2002年1月11日から2011年8月19日までマネックスメールに連載した マネックス・ユニバーシティ代表取締役(※連載当時)内藤忍の資産設計コラム。(現在は更新しておりません)
円高が進んでいます。今年135円まで進んだ円安はその後円高に転じ、現在(28日午後4時)1ドル=119円半ばで推移しています。
外貨MMFや外国投信などに投資をしていると評価損益の数字が気になりますね(私もとても気になります)。ポートフォリオ概況のニコちゃんマークが減っていくのは寂しいものです。

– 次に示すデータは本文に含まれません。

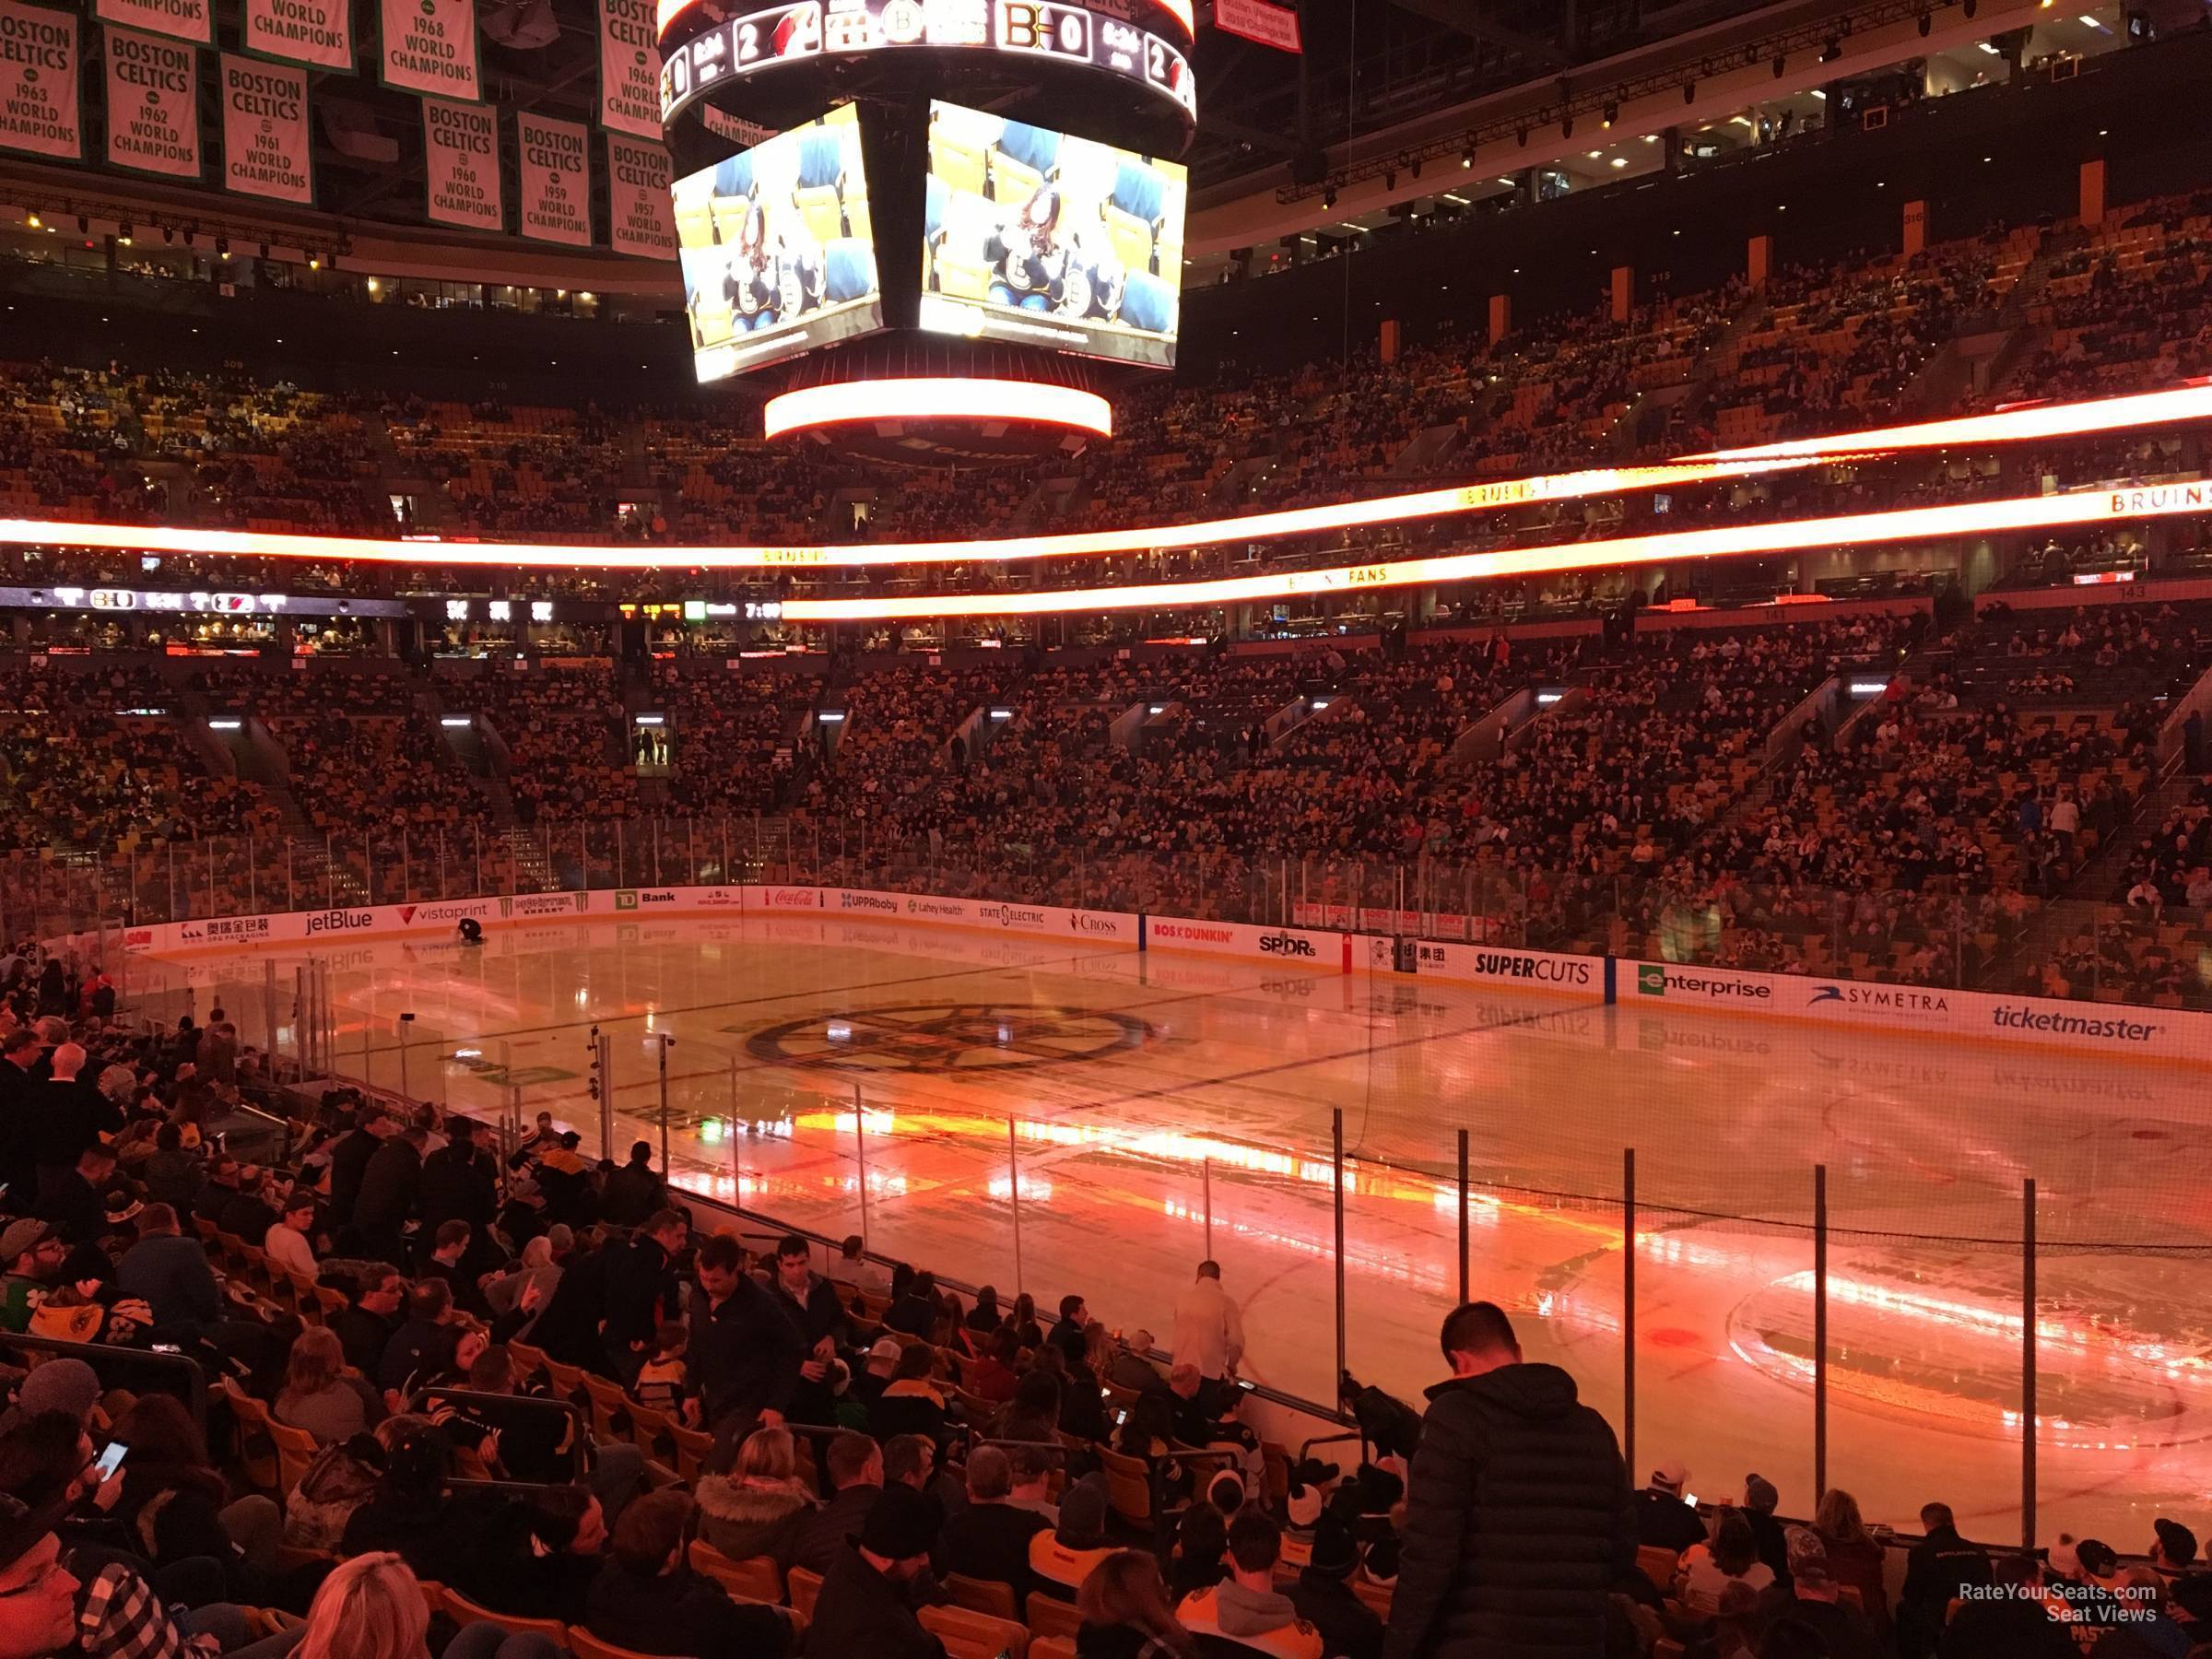 loge 20, row 15 seat view  for hockey - td garden
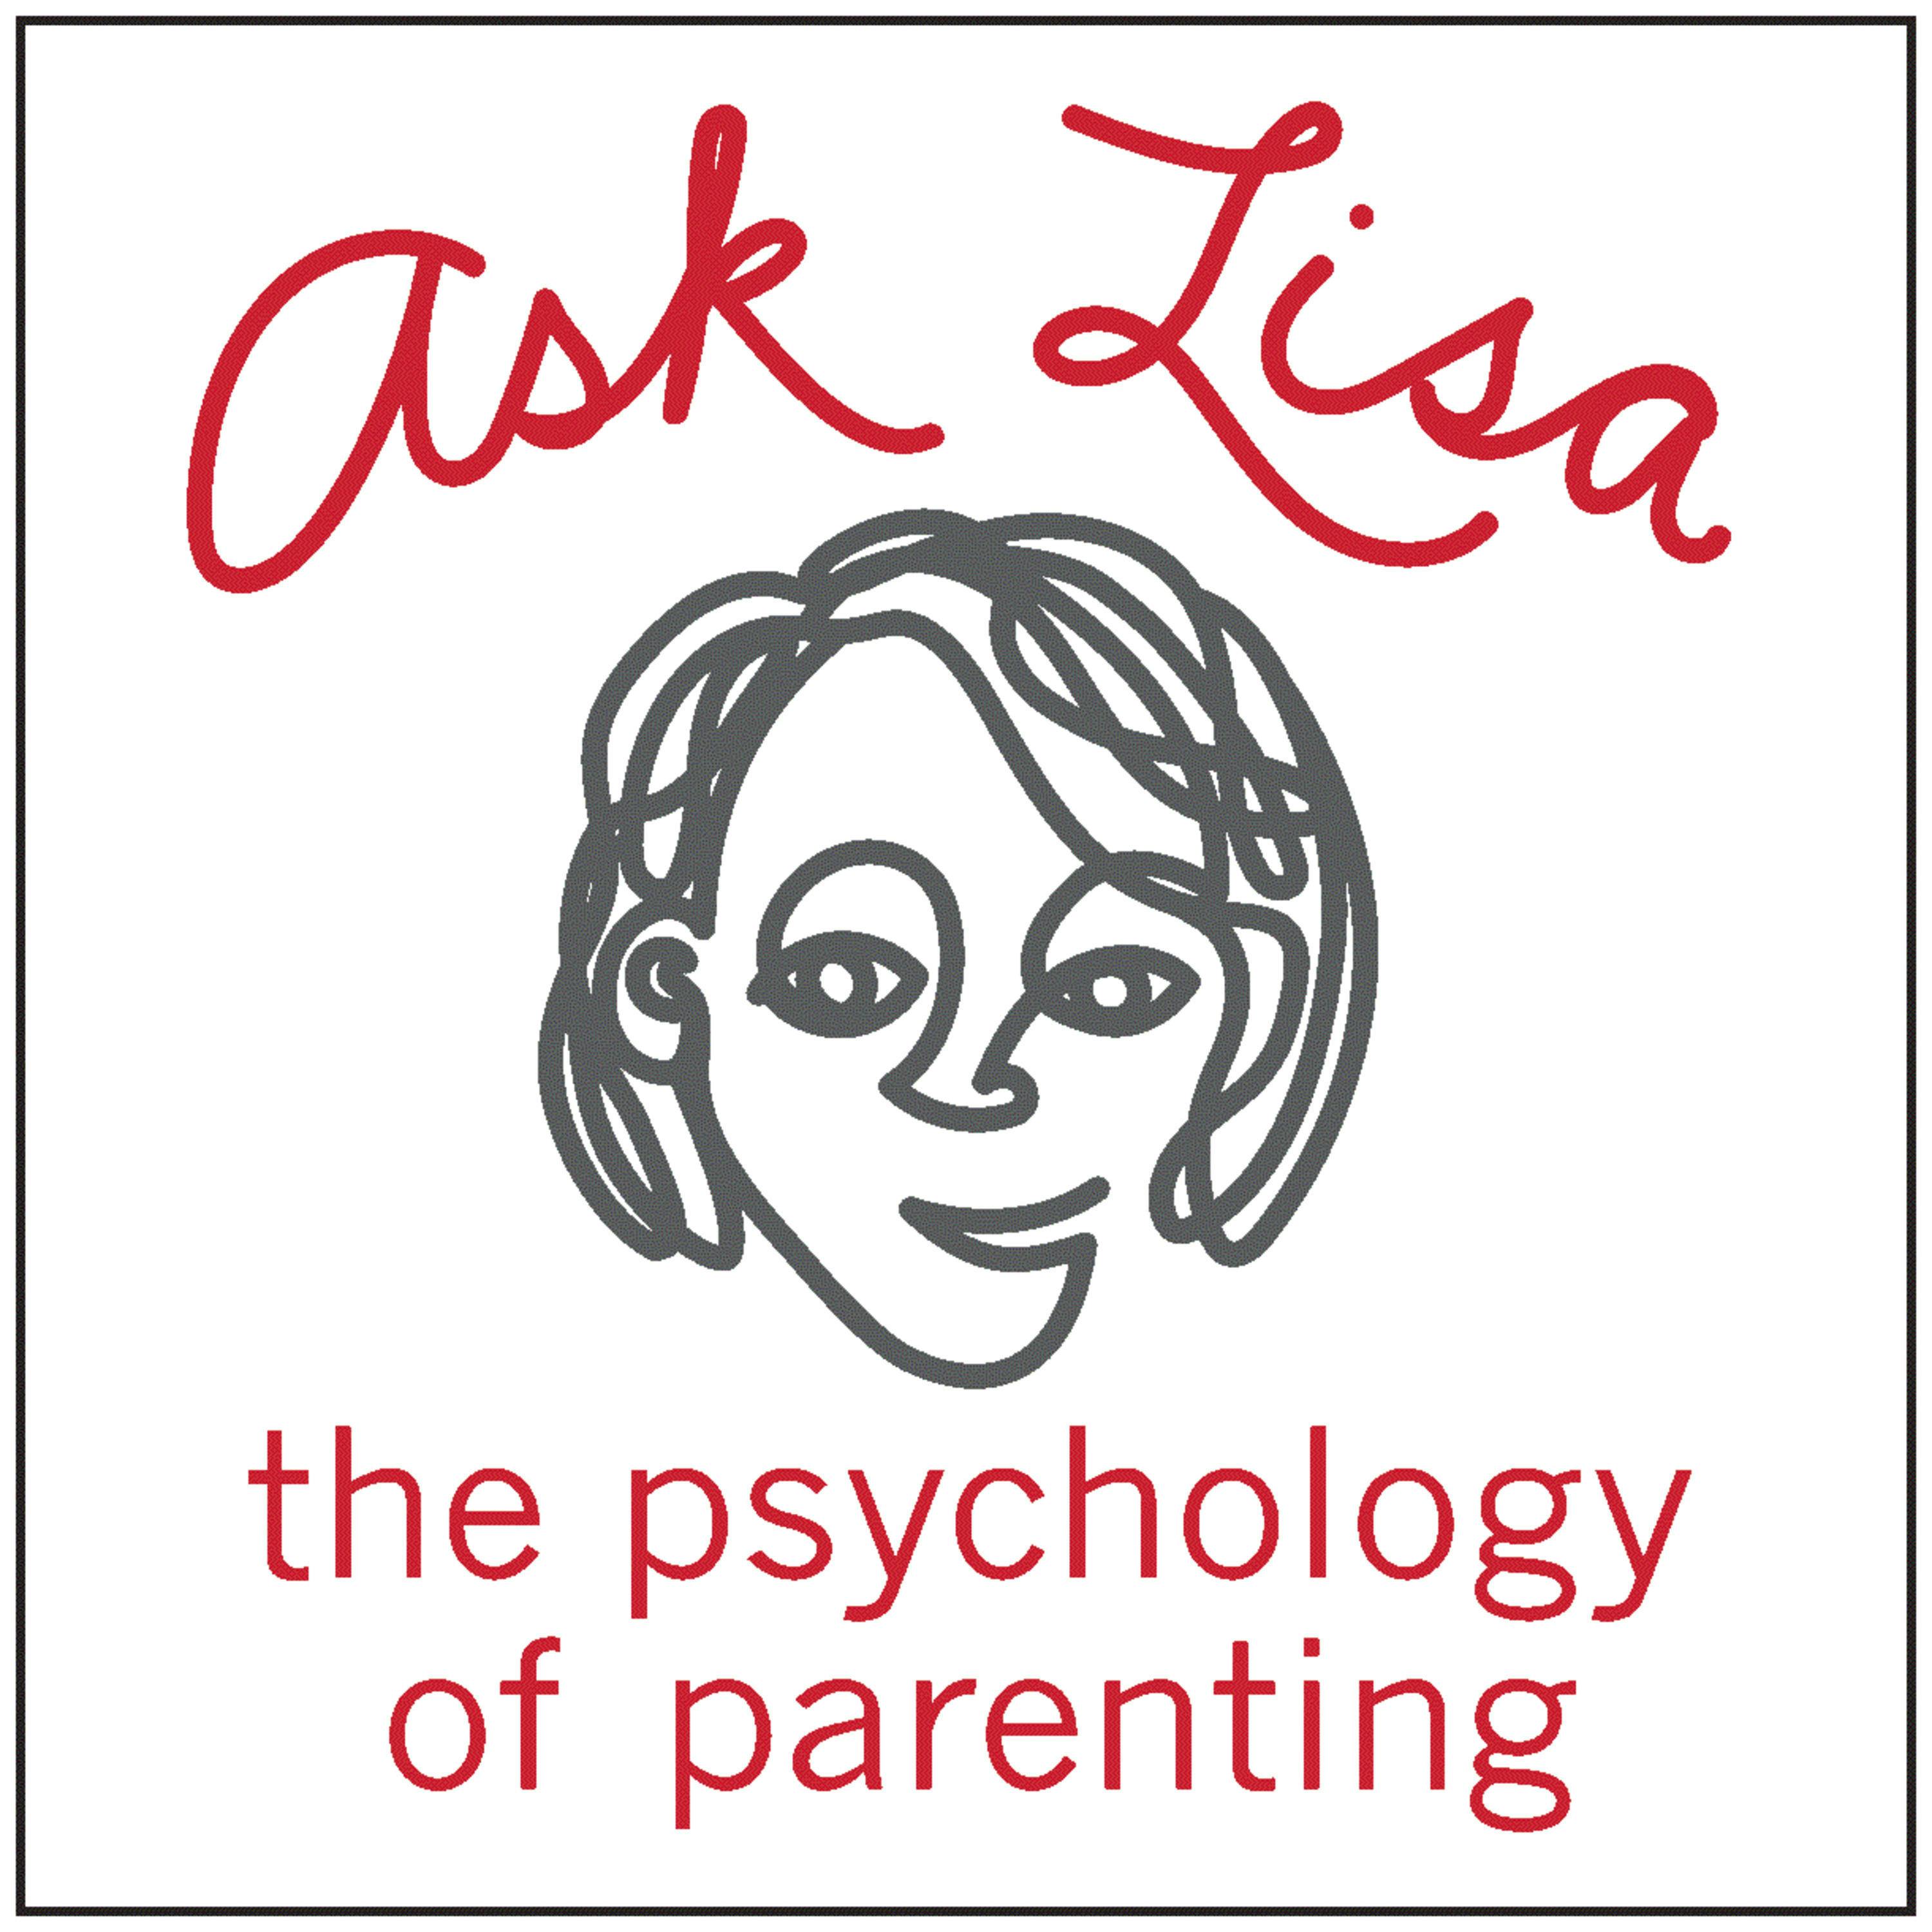 79: What Do Parents Need to Know about Suicide?

しかし、ここで慌てて行動する前に、落ち着いて外貨投資の目的をもう一度確認してどう対応するか冷静に考えましょう。資産設計は長期勝負です。
● 外貨資産を持つ理由
そもそも基本的に毎日の生活を円で行っている我々にとって外貨資産を持つ主な理由は次の2つではないかと考えます。
1.分散投資
2.円安リスクの回避
分散投資とは独立した動きをする資産を組み合わせることによって資産全体のリスクを小さくすること。株式と債券(あるいは預金、投資信託)の資産配分を行うように、国内海外の資産をバランス良く持つことで資産全体の変動を抑えることが可能になります。(具体的な配分方法はマネープランナーを使って調べてみて下さい。)
もう一つは、円安リスクの回避です。円安円高というのはあくまで相対的なものではありますが、円安になったとき外貨資産を持っていないと現在の生活水準が維持できないリスクが発生するのです。
● 外貨投資するのがリスクではなく、しないのがリスク
というのは日本で生活していても、輸入品なしでは生活できないからです。ガソリンやワイン、ブランド品など(それ以外にも様々なものが輸入されています)は円安になると円での価格が上昇します。輸入インフレと呼ばれるものです。外貨を保有しないで円安になった場合、これら輸入品の値段が上がることに対応することができなくなる恐れがあります。(為替レートと実際の価格の変動にはタイムラグがありますが)
つまり外貨投資をすることがリスクなのではなく、しないことがリスクになってしまうのです。
● 円高は外貨投資のチャンス
逆に、外貨の資産全体に占める割合がまだ少ない人にとっては、円高は新たな外貨資産構築のチャンス、です。円が強い時に相対的に有利な為替レートで外貨の比率を上げることができるからです。
自分がどの位の外貨資産を持ったら良いかを知るには、マネープランナーなどを参考にしてみてください。この手の質問には正解があるわけではありませんが、大まかなイメージをつかみましょう。(私の場合資産の26%を外貨に配分という結果になりました。まだ投資していきます。)
資産全体でのバランスを常に考えることが大切です。
● さらに円高になると思ったら・・・
これからもずっと円高になると予想するのであれば、資産を円で保有するべきでしょう。でも、将来の為替レートの予想は果たして可能なのでしょうか。将来の相場の予測に基づいて行動したらどのような結果が待っているのでしょうか。1ドル80円を超える円高になった時は1ドル50円になると予想する経済評論家もいましたね。
不確定なものに対して予想をして投資判断をするより、予想に関係なく長期的な資産設計の見通しに基づいて続けていくべき、というのが私の考えです。円高になっても円安になっても慌てないようにもう一度自分の資産を見直してみることをおすすめします。